Maybe if a persuasion bunch tries to persuade people by using factual falsehoods, they could be faulted on those grounds (though that too has little to do with lynch mobs). But I've seen no evidence that their criticisms were factually unfounded, or that Jordan quit because of any factual errors in the criticisms. (Plus presumably releasing the video of the panel would have been the best way to fight the factual errors.)
We should love persuasion bunches, who operate through peaceful persuasion, while hating lynch mobs, who operate through violence and coercion. What's more, journalists -- to the extent that they love the First Amendment's premise that broad public debate helps discover the truth, and improve society -- ought to love persuasion bunches, too. When the only power you wield is the power to speak, and persuade others through the force of your arguments (and not through the force of your guns, clubs, or fists), that's just fine. Come to think of it, isn't that the power that opinion journalists themselves wield?"
Jeff Jarvis:
This morning's story by Katharine Q. Seelye, Jacques Steinberg, and David F. Gallagher -- under the headline, "Bloggers as News Media Trophy Hunters" -- is another example of the disdain in which many quarters of The Times -- not all -- hold citizens' media.
Glenn Reynolds (and more links from Instapundit):
Now people are wondering what it all means. Some people are claiming that Jordan was a victim of "McCarthyism" -- but as Austin Bay notes, that is a backward perspective. It was Jordan who was making unsubstantiated charges, a la McCarthy, not those who called for him to back them up. . . .
Jordan's disgrace comes from not reporting: He made charges in a panel discussion, but he didn't have the evidence to back them up. What's more, in the same report we hear this:
But Bob Furnad, a former president of Headline News, said he considers Jordan "a very serious journalist in the purest form."

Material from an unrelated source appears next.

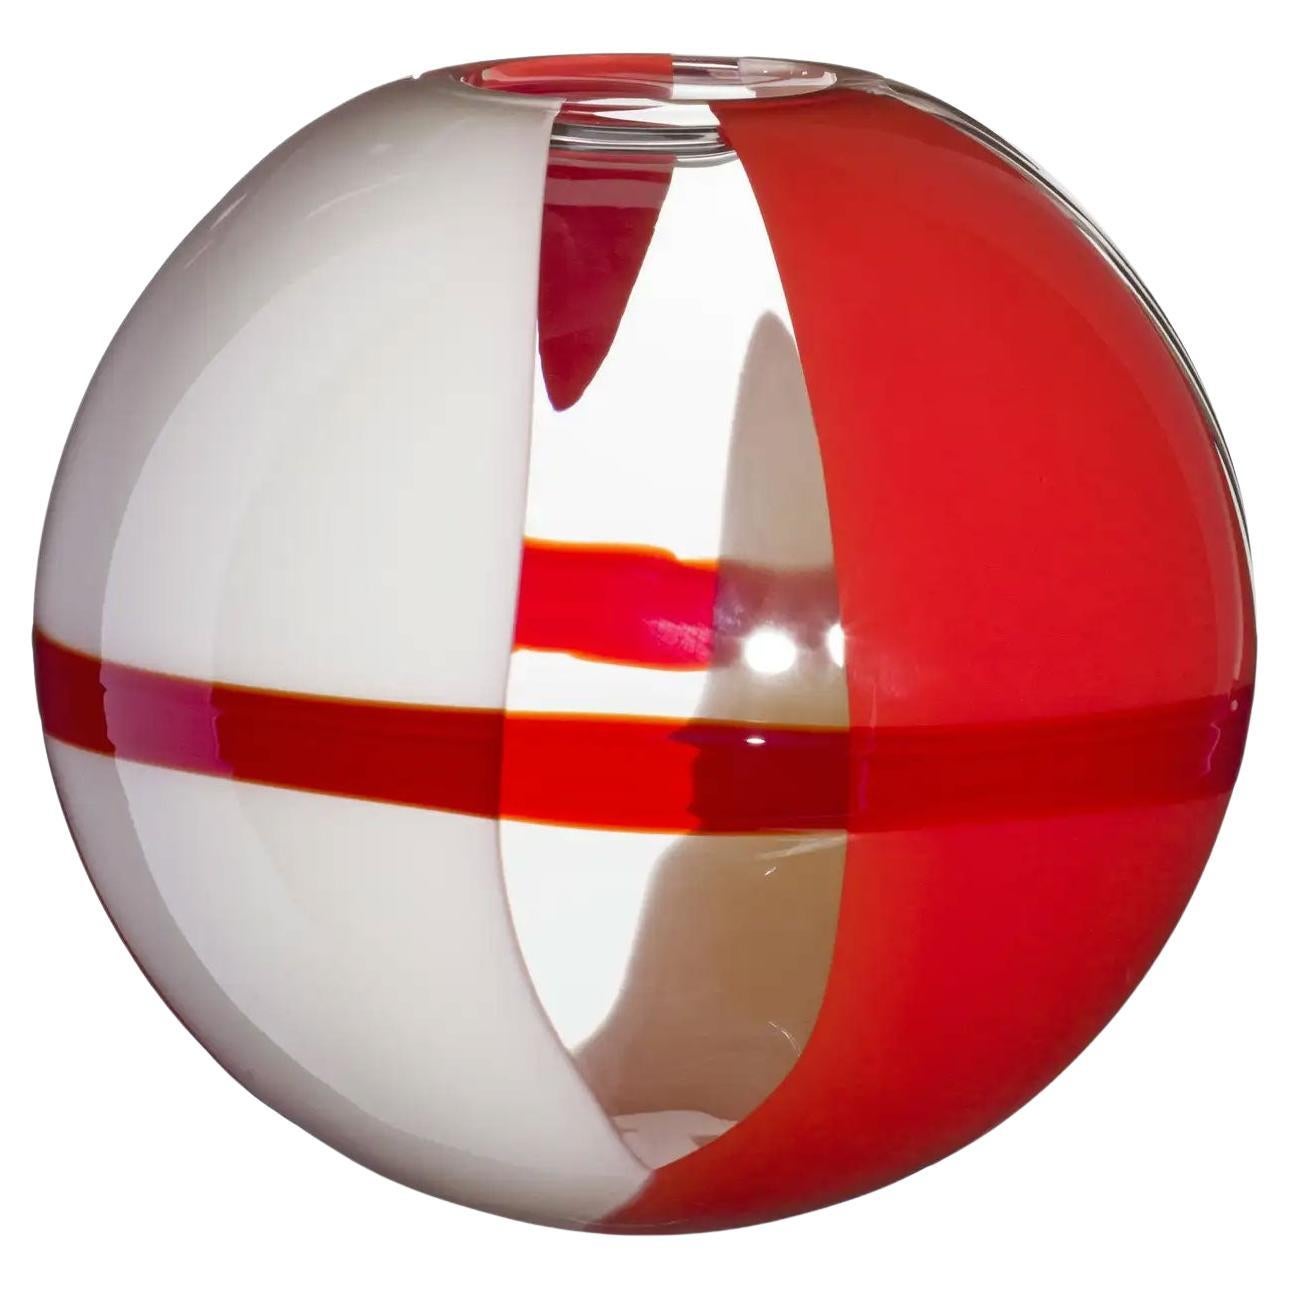 Large Sfera Vase in Orange, Red, and Ivory by Carlo Moretti For Sale

"He never pulled any punches."
Except that he did. In fact, Jordan came into this scandal damaged by his admitted silence on Saddam's atrocities, a silence that seems to have been the price of operating a bureau in Baghdad. Silence for "access?" Sounds like pulling punches to me.
Instead of complaining about bloggers as a threat to journalism, perhaps journalists should try actually doing more journalism. Who knows? It just might help.

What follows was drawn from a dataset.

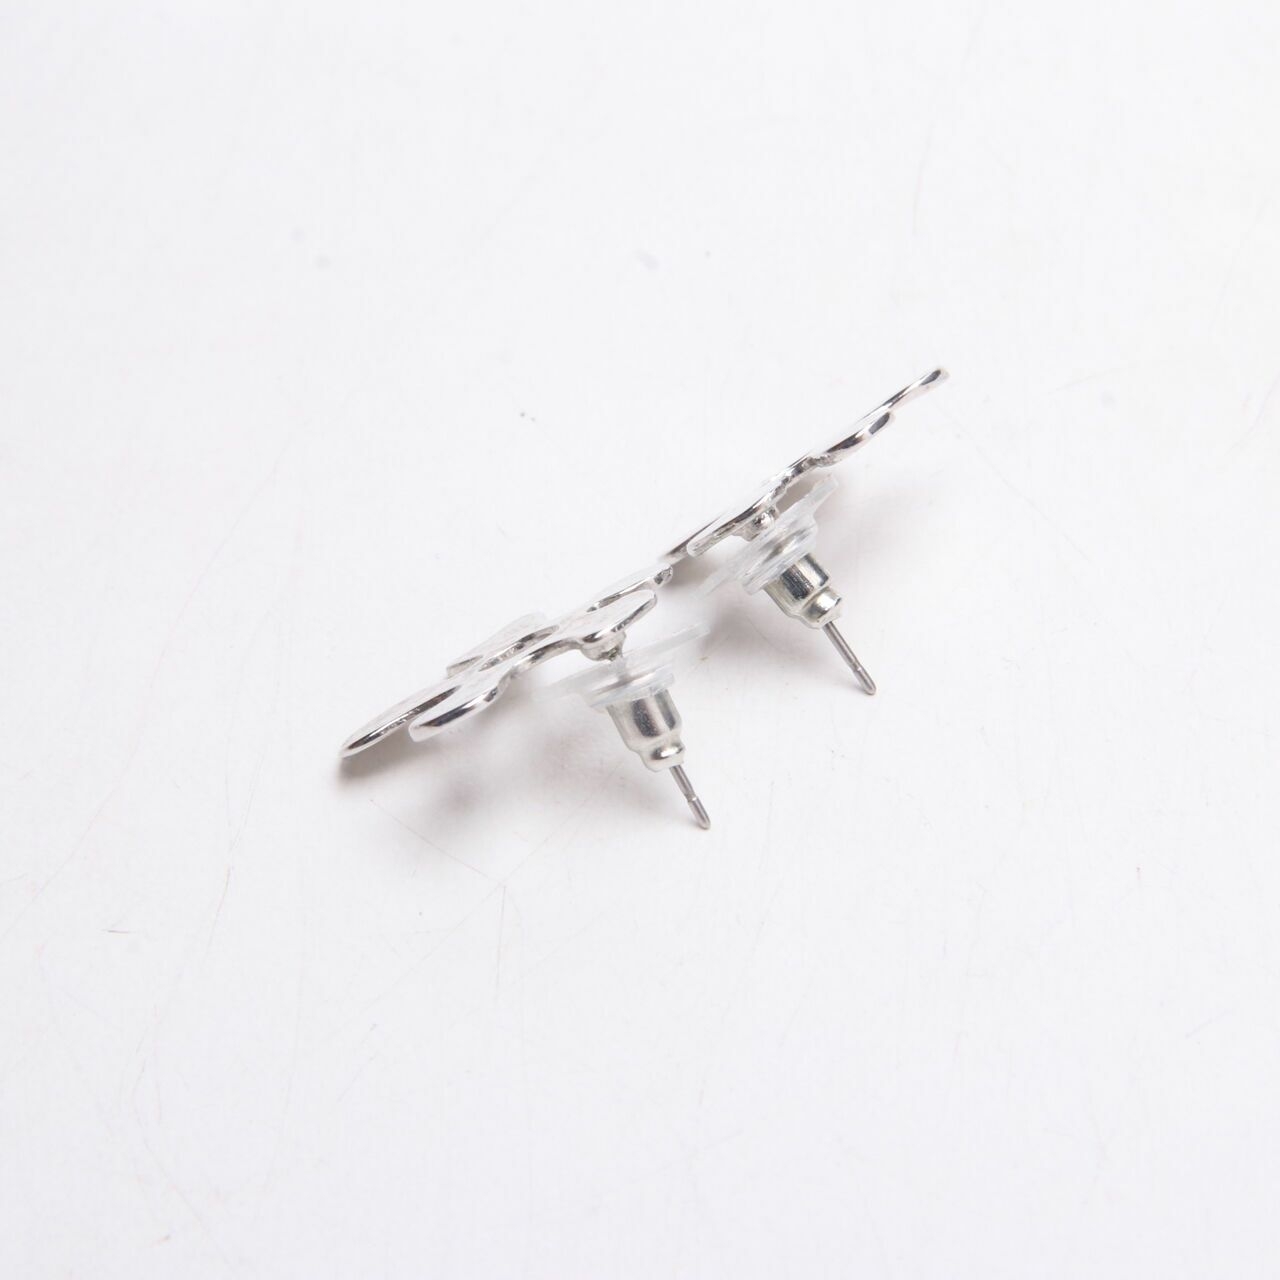 Private Collection Silver Earrings

the article in the Chicago Tribune:
Shut up with your whining and appreciate the fact that after generations of stagnation, something new has arrived. And like all new things, it's going to take awhile for it to work itself out.
Conventional journalism seems aghast that a whole collection of independent voices from all sides of the political spectrum are popping up now to pick and smear and slander and point accusing fingers, wreck careers, cast aspersions and introduce something besides a century-old sense of entitled hierarchy to the formula for news presentation.
this from Day by Day,
and, as a last resort, Wonkette:
"Hey, I get to play with Eason Jordan's scalp a week from next Tuesday!"
Salieri points out what a difference an adverb can make.
Milbarge from Begging the Question speculates on the identity of Deep Throat.
Dating Tips I've learned on the 'Net:
Carry a big purse.
Keep my coat on.
Screen online dates carefully.
Think twice about offers to whisk me away to exotic locales.
Writing a "Dear John" letter can be as satisfying than telling him off in person.
Keep a list of emergency numbers handy.
Never date middle-aged men who live with their parents.